> **What is needed**: A word-for-word copy of the data, pictures excluded, is what this task asks for.

> **Data extract**:
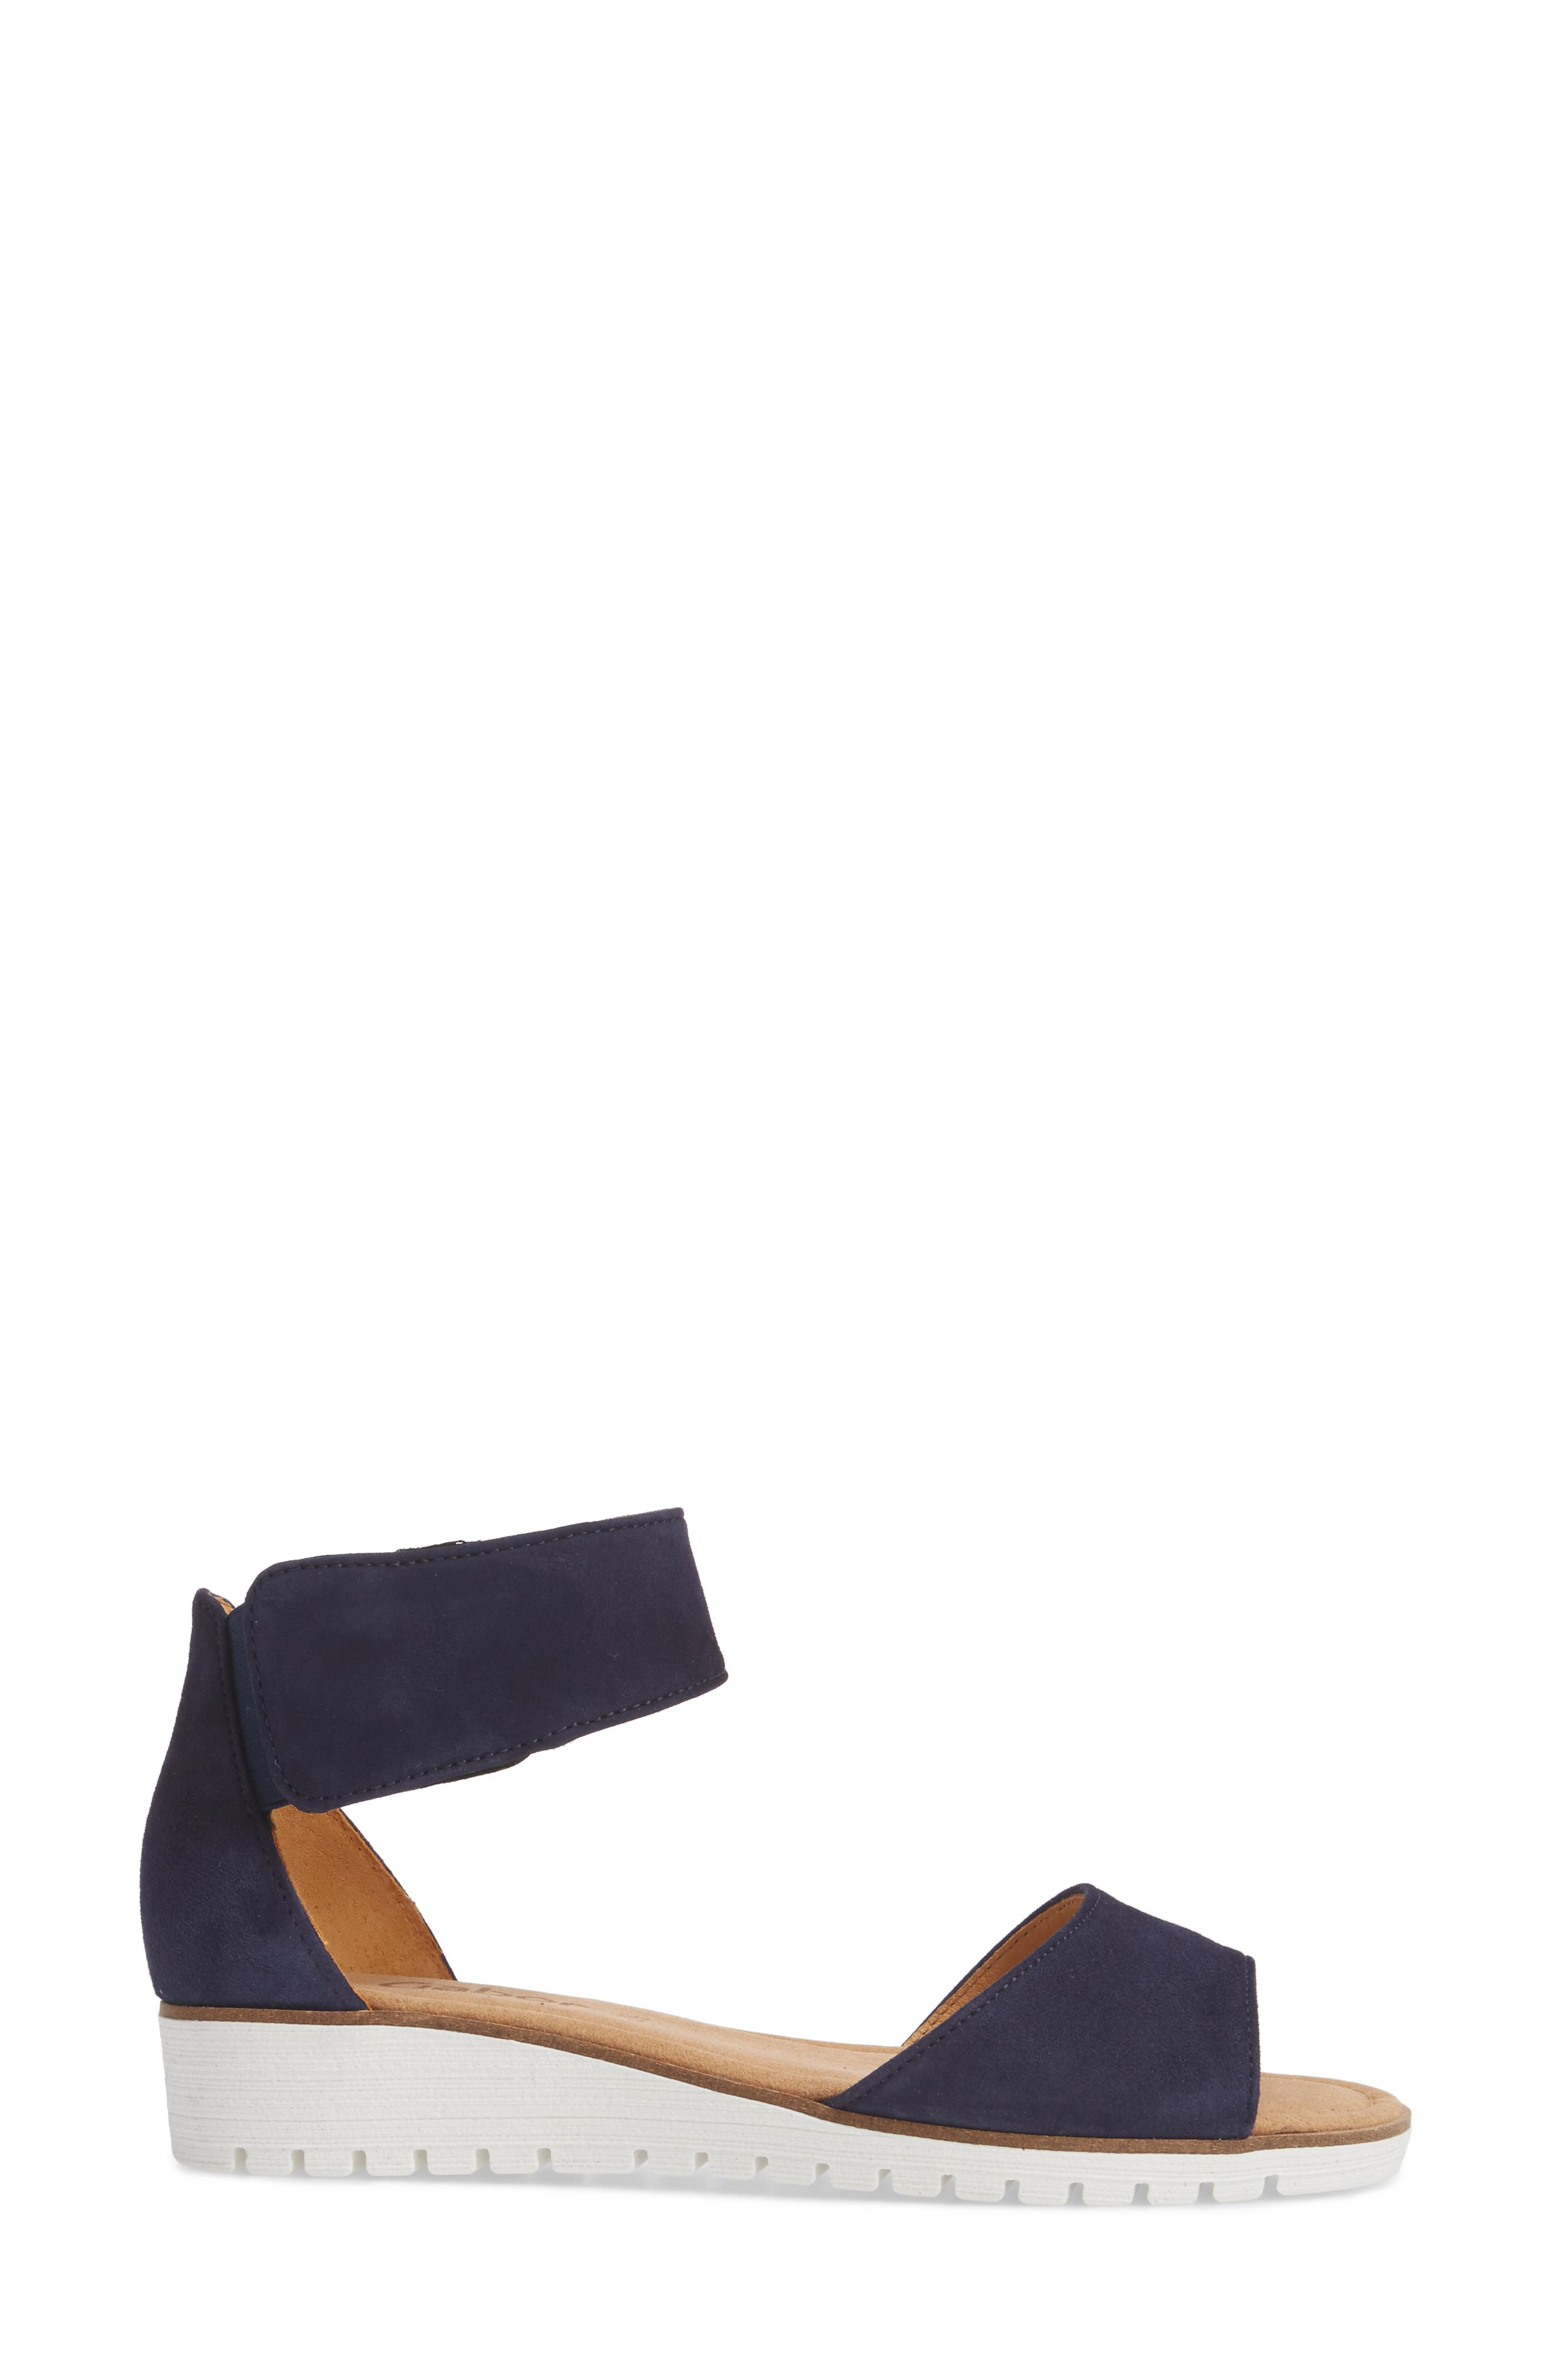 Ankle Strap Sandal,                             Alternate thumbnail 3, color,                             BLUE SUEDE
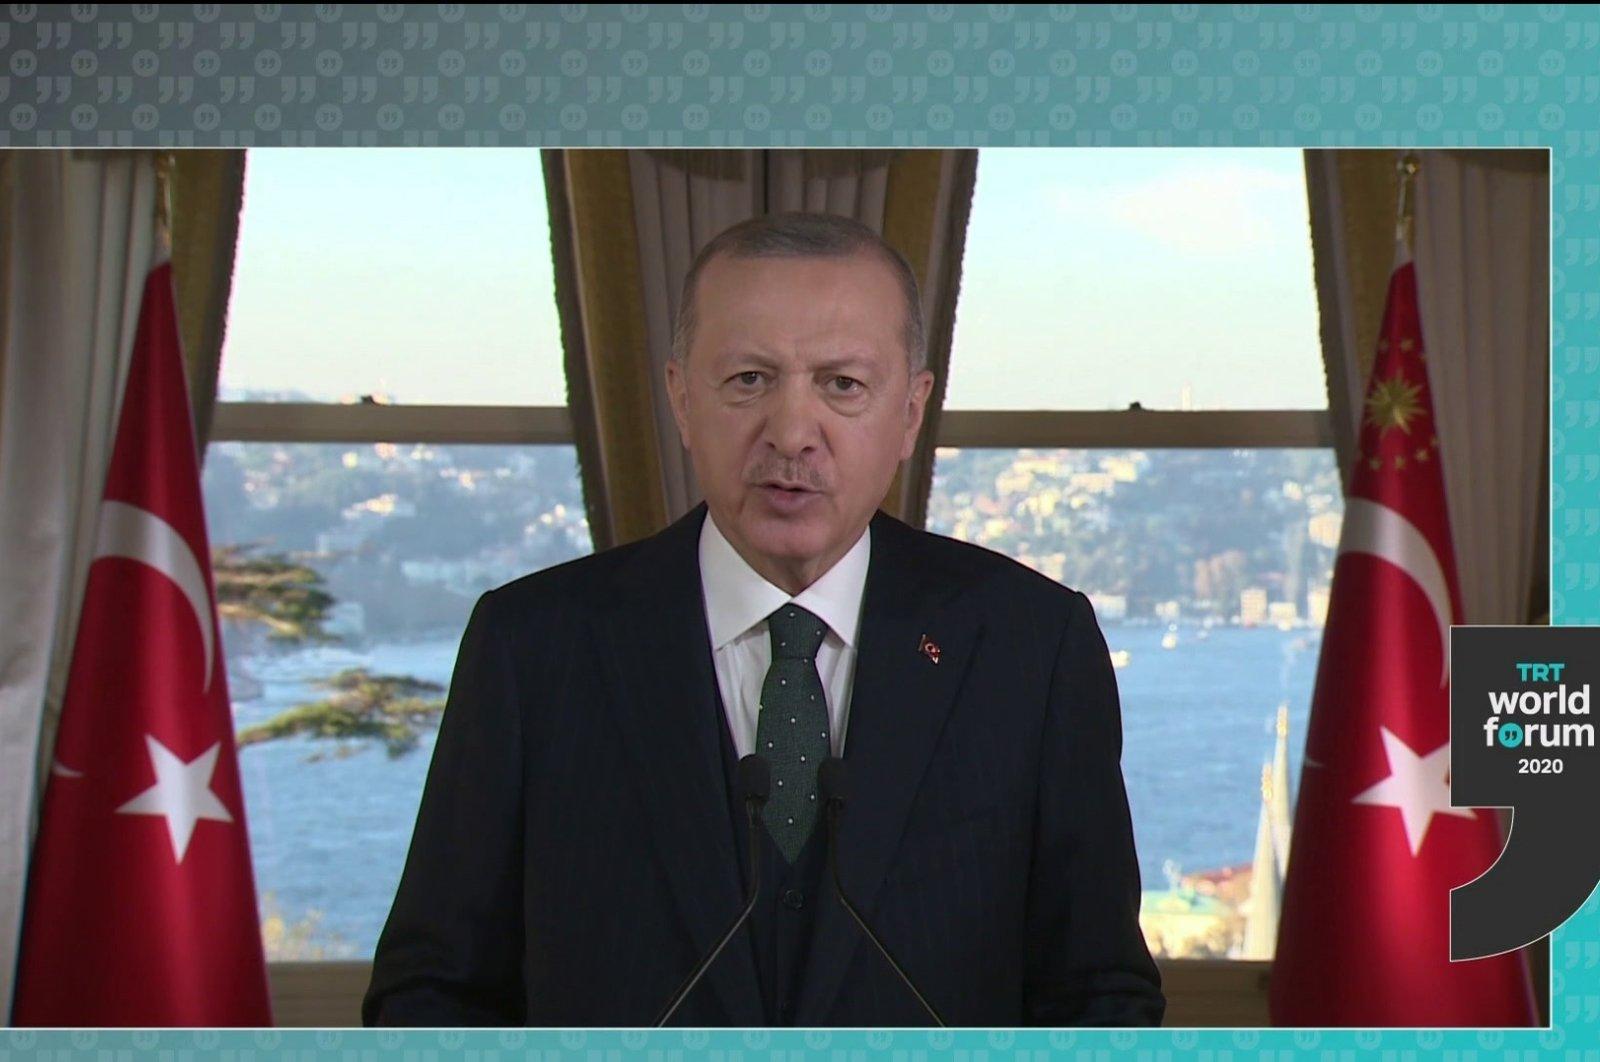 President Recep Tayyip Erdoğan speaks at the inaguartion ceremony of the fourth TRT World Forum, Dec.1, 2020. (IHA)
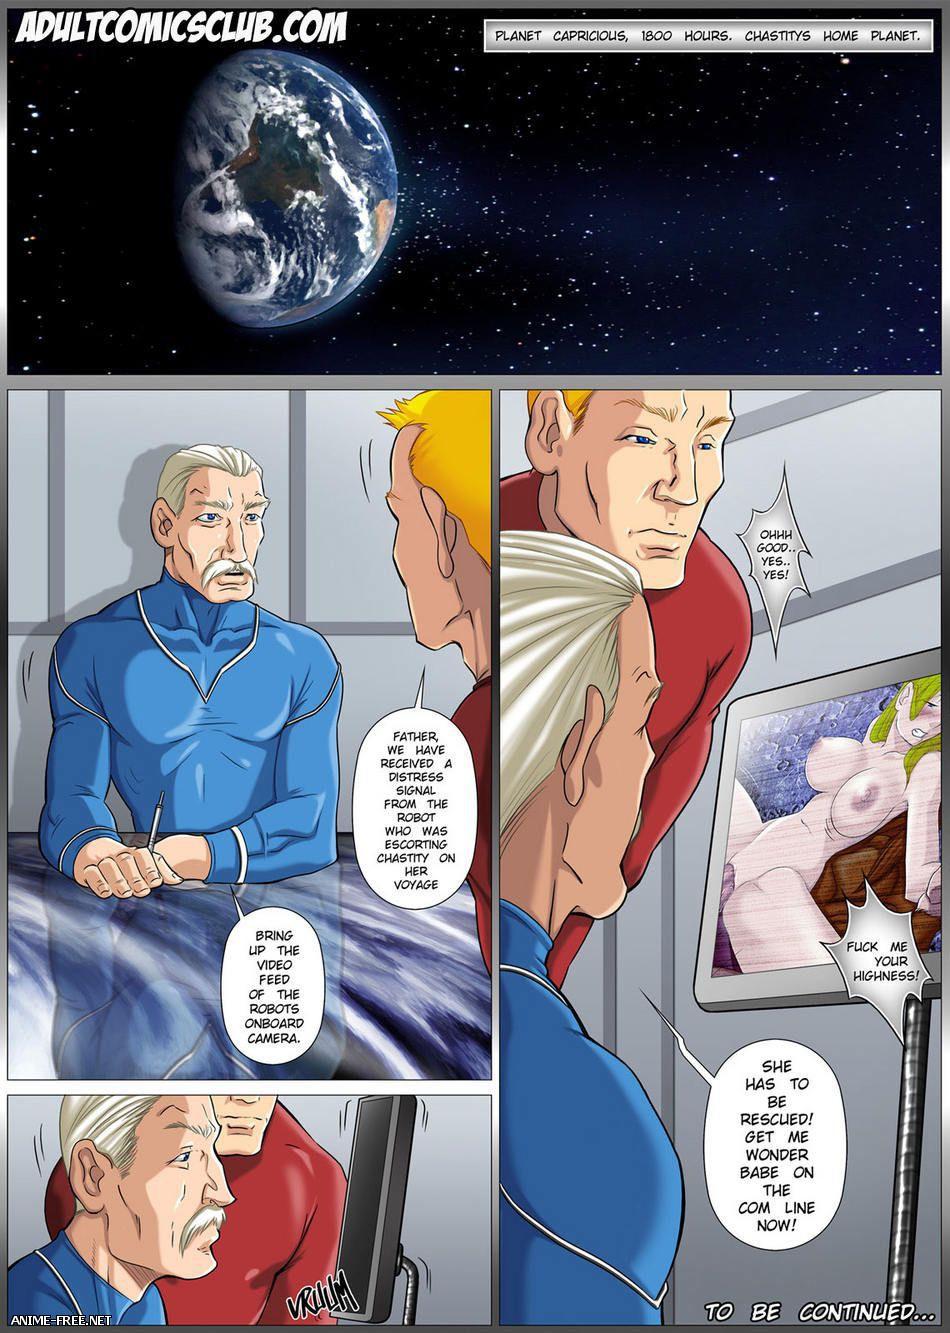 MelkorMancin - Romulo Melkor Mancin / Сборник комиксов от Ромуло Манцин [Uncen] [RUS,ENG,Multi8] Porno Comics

> **Output below**:
 Ankle Strap Sandal,                             Alternate thumbnail 3, color,                             BLUE SUEDE
 President Recep Tayyip Erdoğan speaks at the inaguartion ceremony of the fourth TRT World Forum, Dec.1, 2020. (IHA)
 MelkorMancin - Romulo Melkor Mancin / Сборник комиксов от Ромуло Манцин [Uncen] [RUS,ENG,Multi8] Porno Comics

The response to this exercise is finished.